**THE PROBLEM:** Set the data below down again, exactly, with every picture left out.

**PROVIDED MATERIAL:**
----------

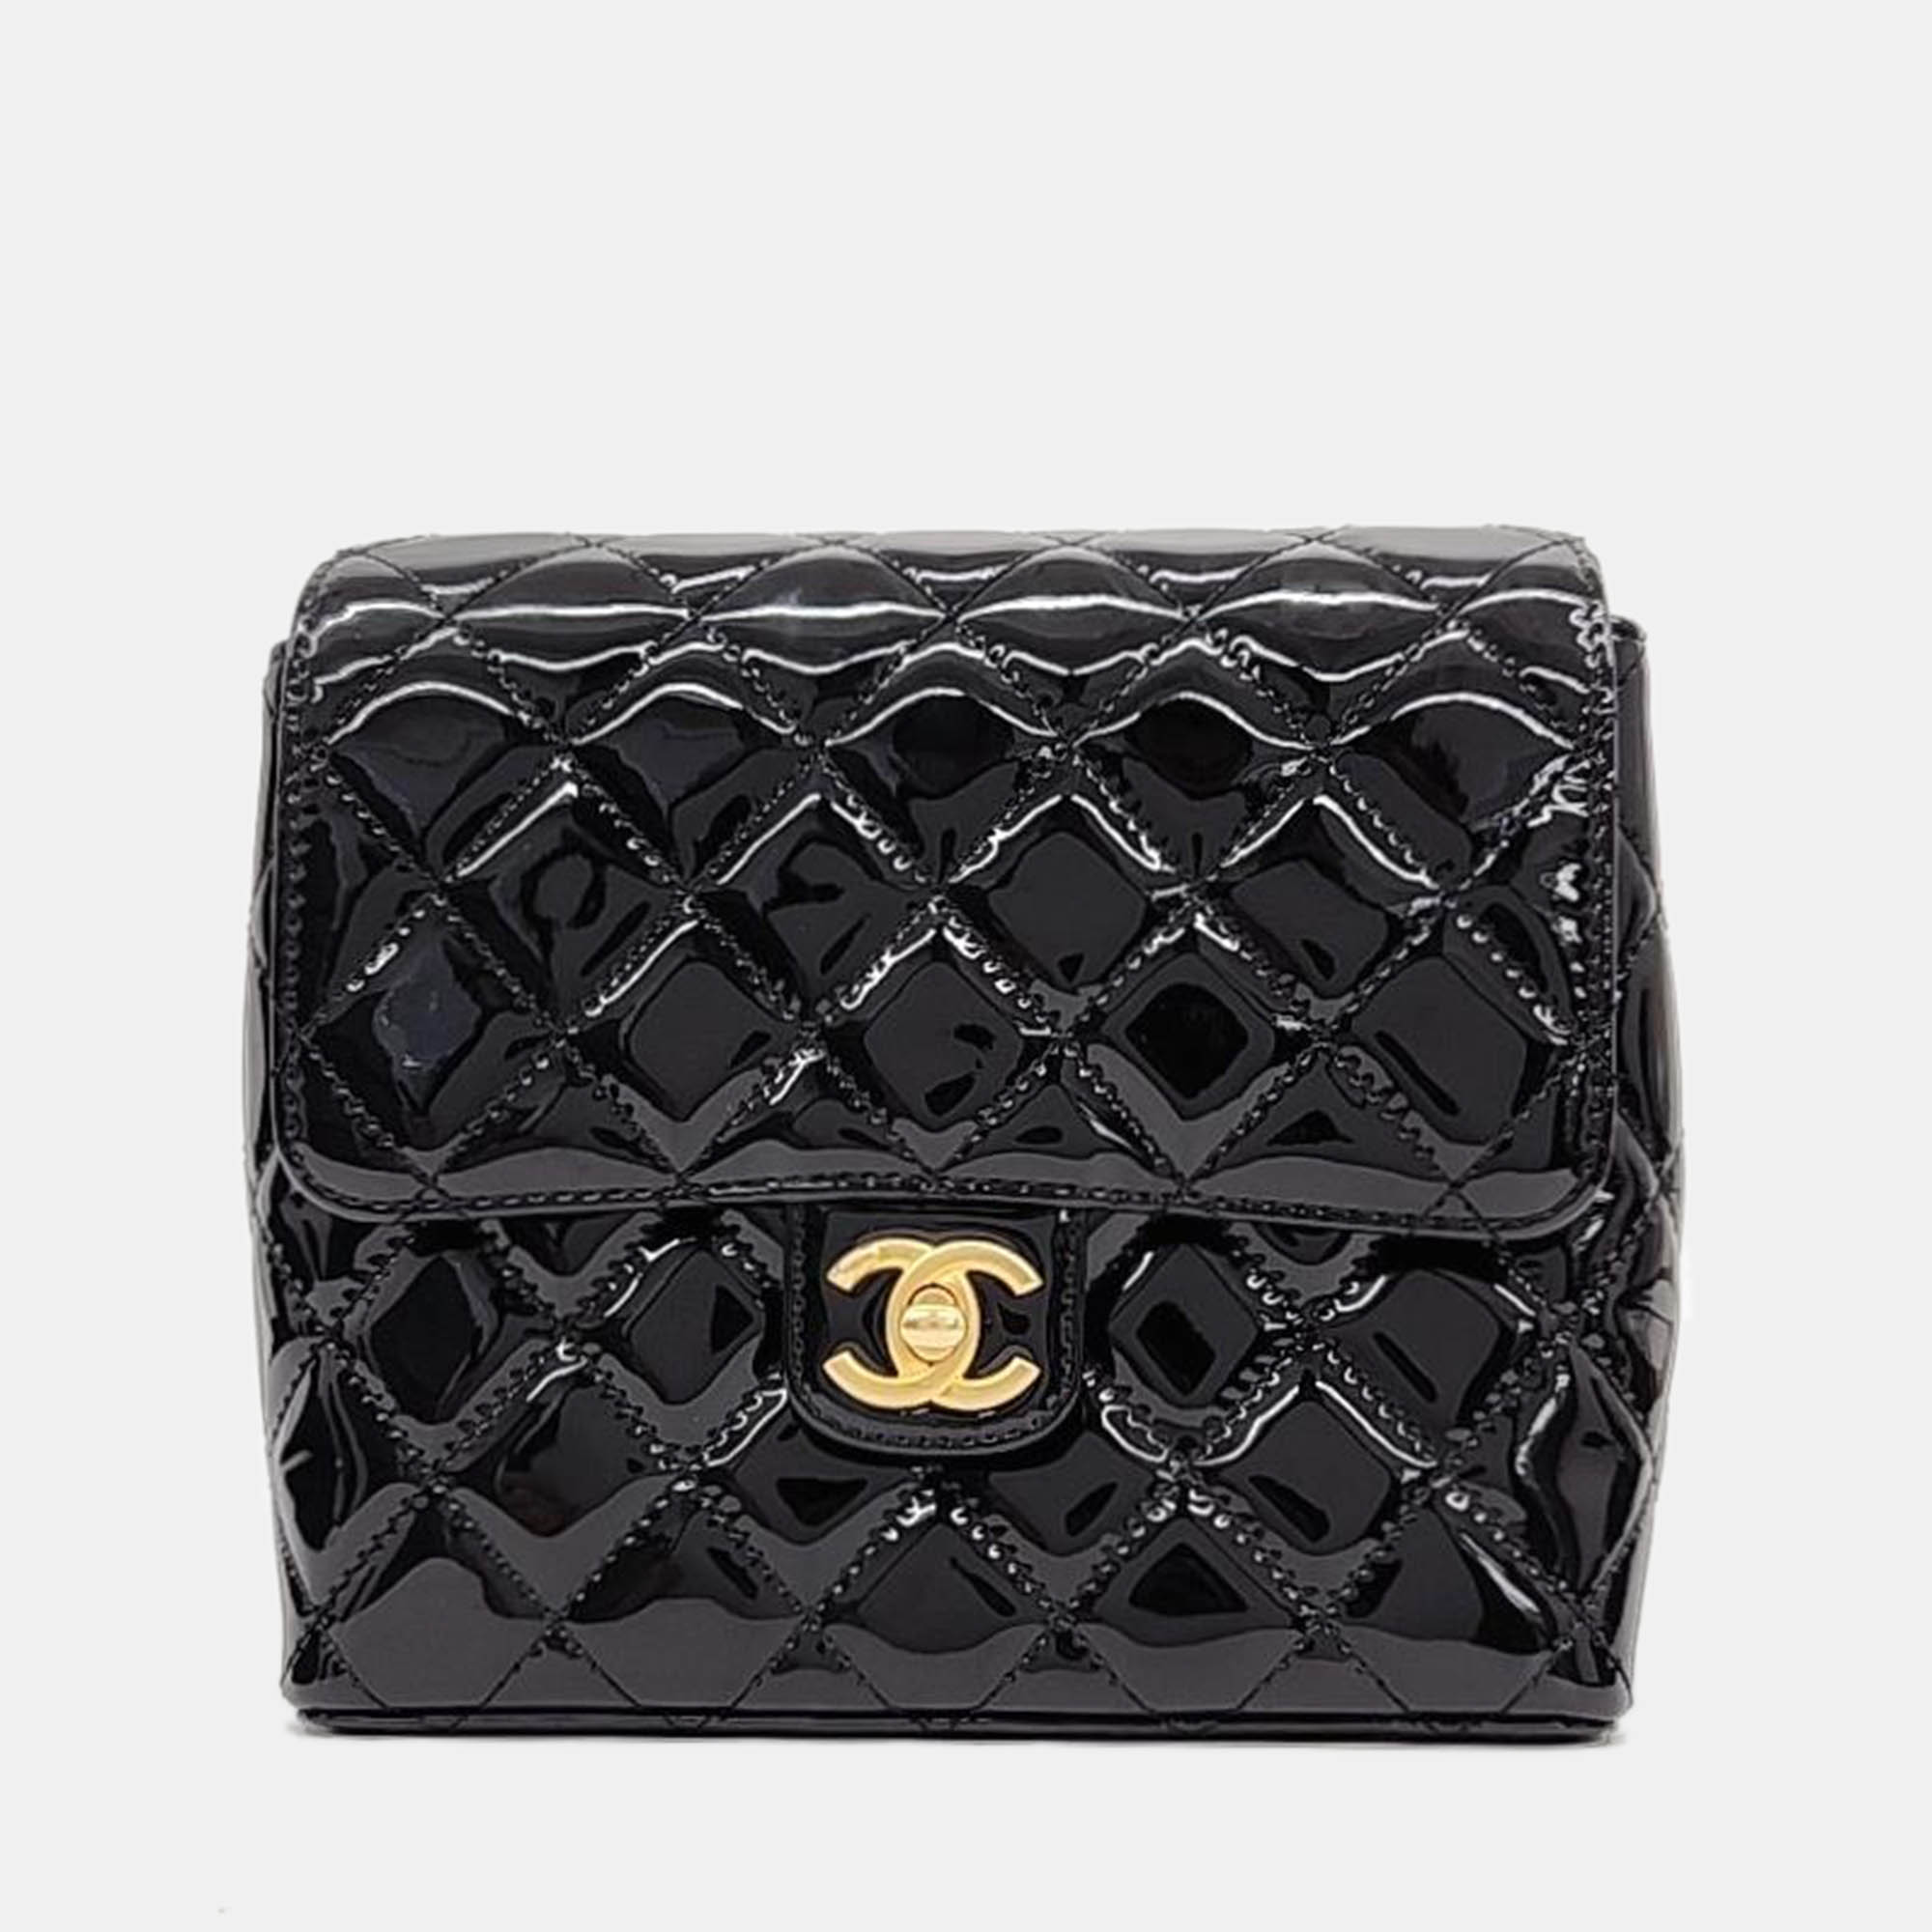 Chanel Black Leather Pedant Flap Bag
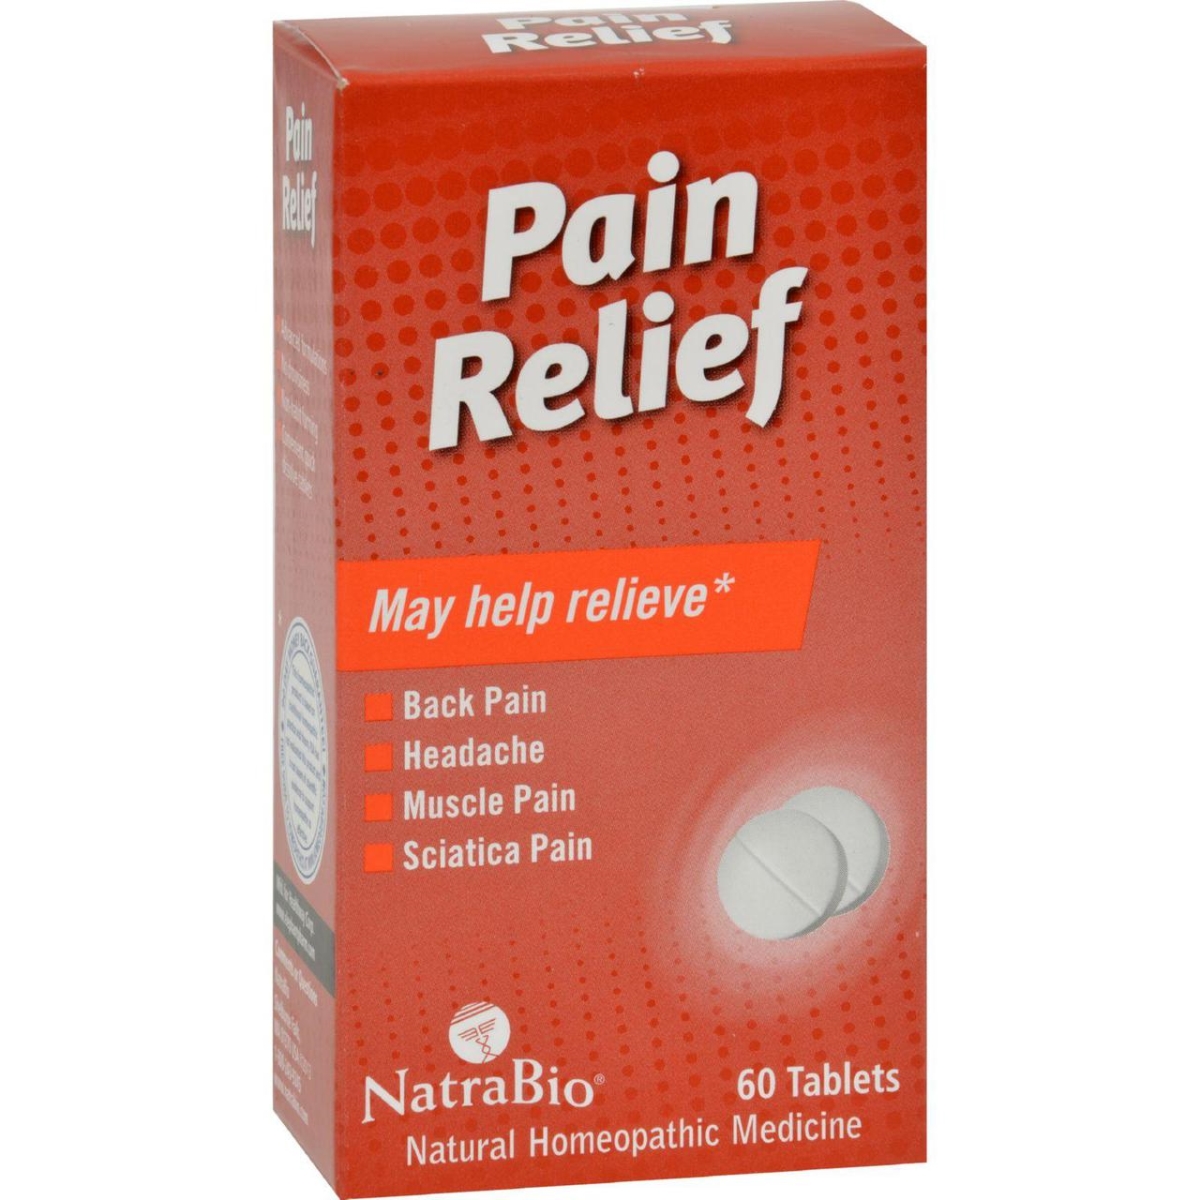 Natrabio Hg0737718 Pain Relief - 60 Tablets
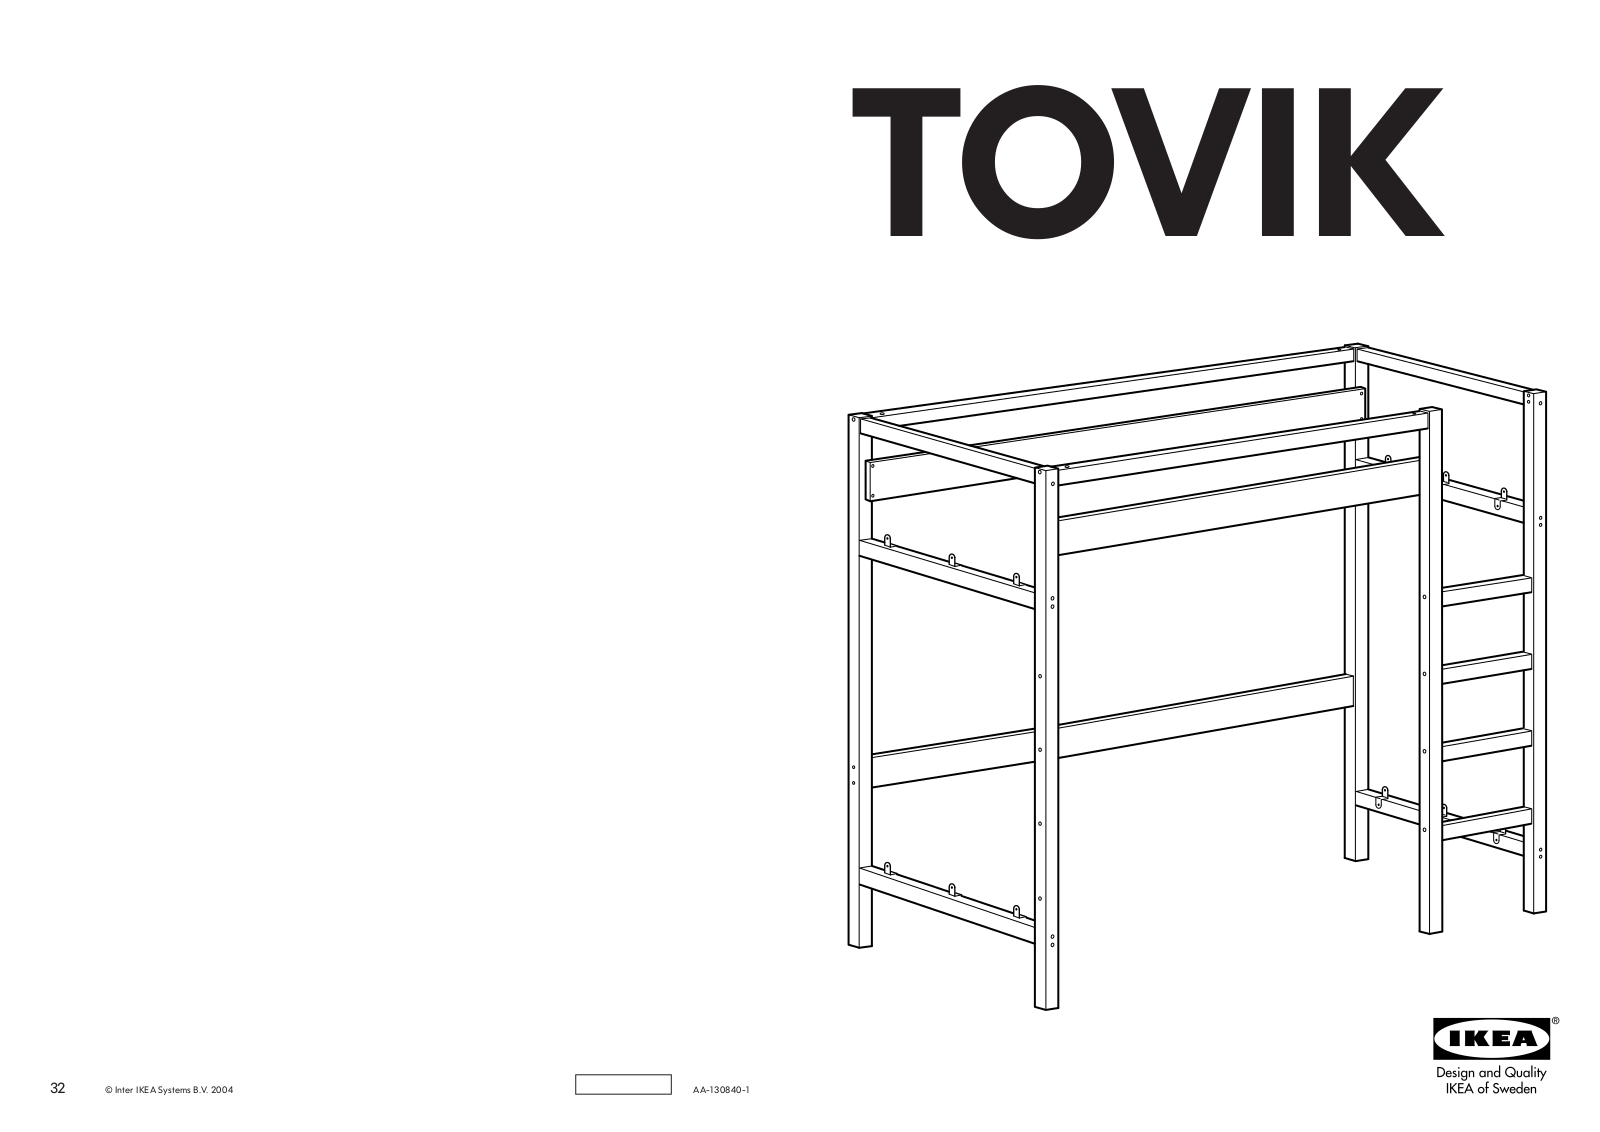 IKEA TOVIK LOFT BUNK BED FRAME Assembly Instruction

----------

**ANSWER SECTION:**
 Chanel Black Leather Pedant Flap Bag
 Natrabio Hg0737718 Pain Relief - 60 Tablets
 IKEA TOVIK LOFT BUNK BED FRAME Assembly Instruction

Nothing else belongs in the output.